We may often find ourselves adding columns to a dataframe, e.g., creating columns that represent our existing data in a new way

# One option: when we have new data to add
uc_undergrads = pd.Series([33343, 31543, 23349, 0, 30222, 31162, 22055, 17207, 8151, 31814],
                         index = ["San Diego", "Los Angeles", "Santa Barbara", "San Francisco", 
                       "Irvine", "Davis", "Riverside", "Santa Cruz", "Merced", "Berkeley"])

# uc_undergrads.index = ["Berkeley", "San Diego", "Los Angeles", "Santa Barbara", "San Francisco", 
#                        "Irvine", "Davis", "Riverside", "Santa Cruz", "Merced"]

uc_data.index = ["Berkeley", "San Diego", "Los Angeles", "Santa Barbara", "San Francisco", 
                       "Irvine", "Davis", "Riverside", "Santa Cruz", "Merced"]

# uc_undergrads
uc_data['Undergraduates'] = uc_undergrads # Use bracket syntax to declare a new column

uc_data

	Campus	Date_founded	Number_of_students	Undergraduates
Berkeley	Berkeley	1868	45057	31814
San Diego	San Diego	1960	42875	33343
Los Angeles	Los Angeles	1919	45742	31543
Santa Barbara	Santa Barbara	1909	26314	23349
San Francisco	San Francisco	1864	3132	0
Irvine	Irvine	1965	35220	30222
Davis	Davis	1905	40031	31162
Riverside	Riverside	1954	25548	22055
Santa Cruz	Santa Cruz	1965	19161	17207
Merced	Merced	2005	8847	8151

# A second option: when we want to process existing data and form a new column

uc_data = uc_data.assign(Undergraduate_pct = uc_data['Undergraduates'] / uc_data['Number_of_students'])

# uc_data['Undergraduate_pct'] = uc_data['Undergraduates'] / uc_data['Number_of_students']

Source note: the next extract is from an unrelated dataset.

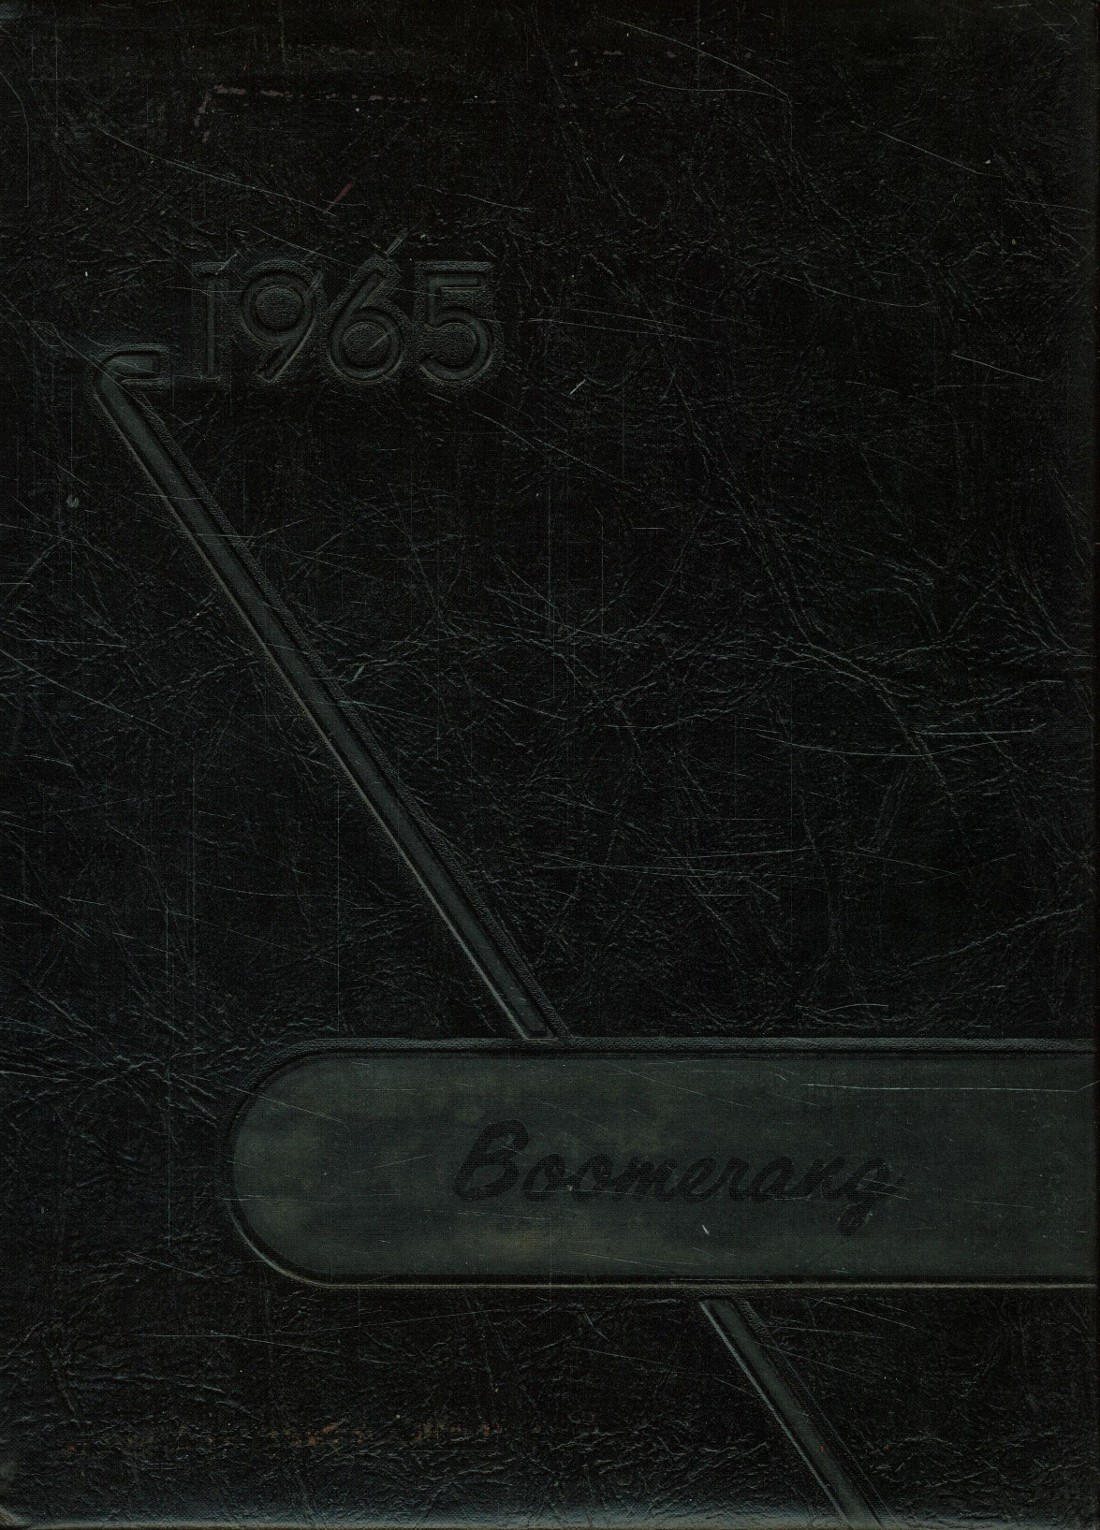 1965-yearbook-from-avon-high-school-from-avon-illinois-for-sale
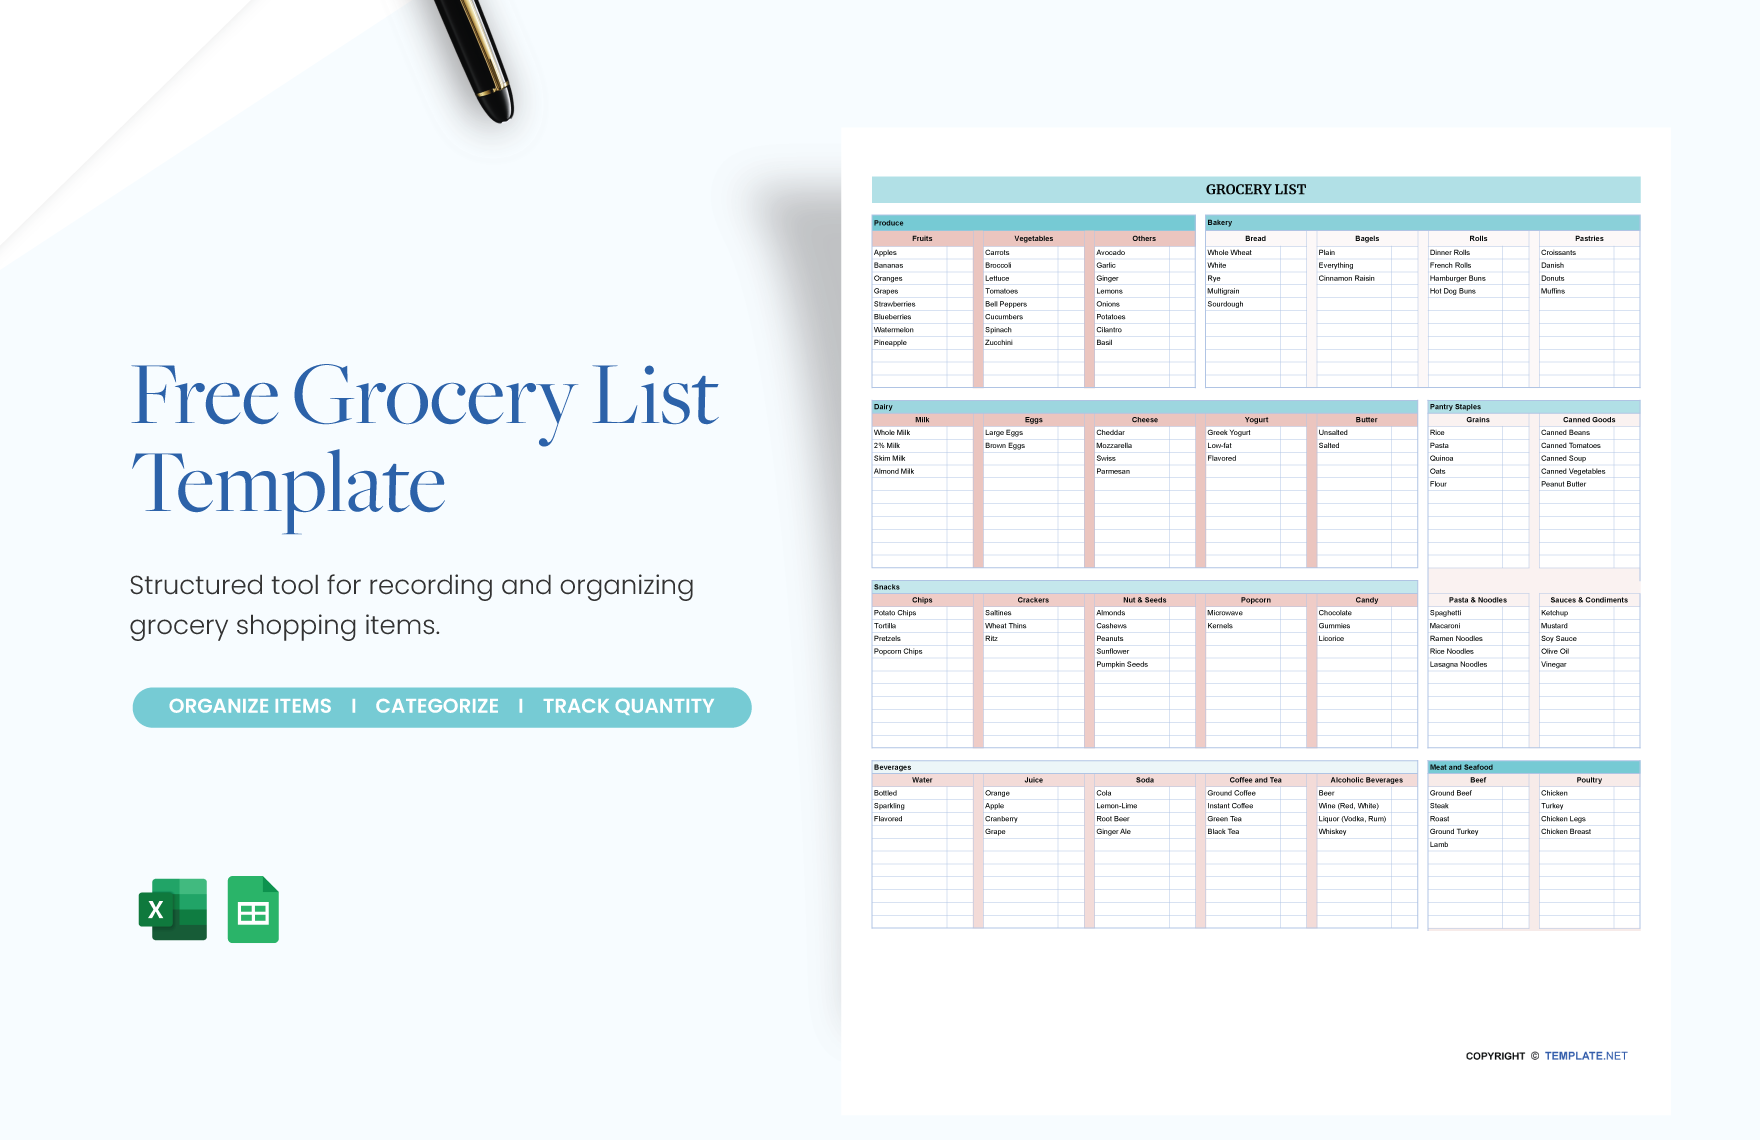 Free Grocery List Template

uc_data # Note what happens if we don't do the re-assignment above

uc_data = uc_data.assign(Total = uc_data['Undergraduates']+ uc_data['Number_of_students'])

uc_data
# For this sort of processing, we can also use similar syntax to the above (try it yourself!)
# but `assign` gives us some additional flexibility

	Campus	Date_founded	Number_of_students	Undergraduates	Undergraduate_pct	Total
Berkeley	Berkeley	1868	45057	31814	0.706083	76871
San Diego	San Diego	1960	42875	33343	0.777679	76218
Los Angeles	Los Angeles	1919	45742	31543	0.689585	77285
Santa Barbara	Santa Barbara	1909	26314	23349	0.887322	49663
San Francisco	San Francisco	1864	3132	0	0.000000	3132
Irvine	Irvine	1965	35220	30222	0.858092	65442
Davis	Davis	1905	40031	31162	0.778447	71193
Riverside	Riverside	1954	25548	22055	0.863277	47603
Santa Cruz	Santa Cruz	1965	19161	17207	0.898022	36368
Merced	Merced	2005	8847	8151	0.921329	16998

Adding rows¶

# Let's say the UC system decides it's long overdue to build a campus in Lake Tahoe near the Nevada border. 
# We want to add some projected data

# First, we make our new row into a dataframe of its own, with matching columns
uc_tahoe = pd.DataFrame({
    "Campus": ["Lake Tahoe"],
    "Date founded": [2022] # Note we don't need to know all the column info here
})

uc_tahoe

	Campus	Date founded
0	Lake Tahoe	2022

# Next, we use `concat` to add it to the previous dataframe
uc_data = pd.concat([uc_data, uc_tahoe])

uc_data

	Campus	Date_founded	Number_of_students	Undergraduates	Undergraduate_pct	Total	Date founded
Berkeley	Berkeley	1868.0	45057.0	31814.0	0.706083	76871.0	NaN
San Diego	San Diego	1960.0	42875.0	33343.0	0.777679	76218.0	NaN
Los Angeles	Los Angeles	1919.0	45742.0	31543.0	0.689585	77285.0	NaN
Santa Barbara	Santa Barbara	1909.0	26314.0	23349.0	0.887322	49663.0	NaN
San Francisco	San Francisco	1864.0	3132.0	0.0	0.000000	3132.0	NaN
Irvine	Irvine	1965.0	35220.0	30222.0	0.858092	65442.0	NaN
Davis	Davis	1905.0	40031.0	31162.0	0.778447	71193.0	NaN
Riverside	Riverside	1954.0	25548.0	22055.0	0.863277	47603.0	NaN
Santa Cruz	Santa Cruz	1965.0	19161.0	17207.0	0.898022	36368.0	NaN
Merced	Merced	2005.0	8847.0	8151.0	0.921329	16998.0	NaN
0	Lake Tahoe	NaN	NaN	NaN	NaN	NaN	2022.0

Processing data: filtering, grouping, summarizing¶

First, note that some operations can be done on our dataframe without having to use filtering or grouping

uc_data = uc_data.sort_values('Date_founded', ascending = True)
uc_data

# Note this doesn't change index at far left!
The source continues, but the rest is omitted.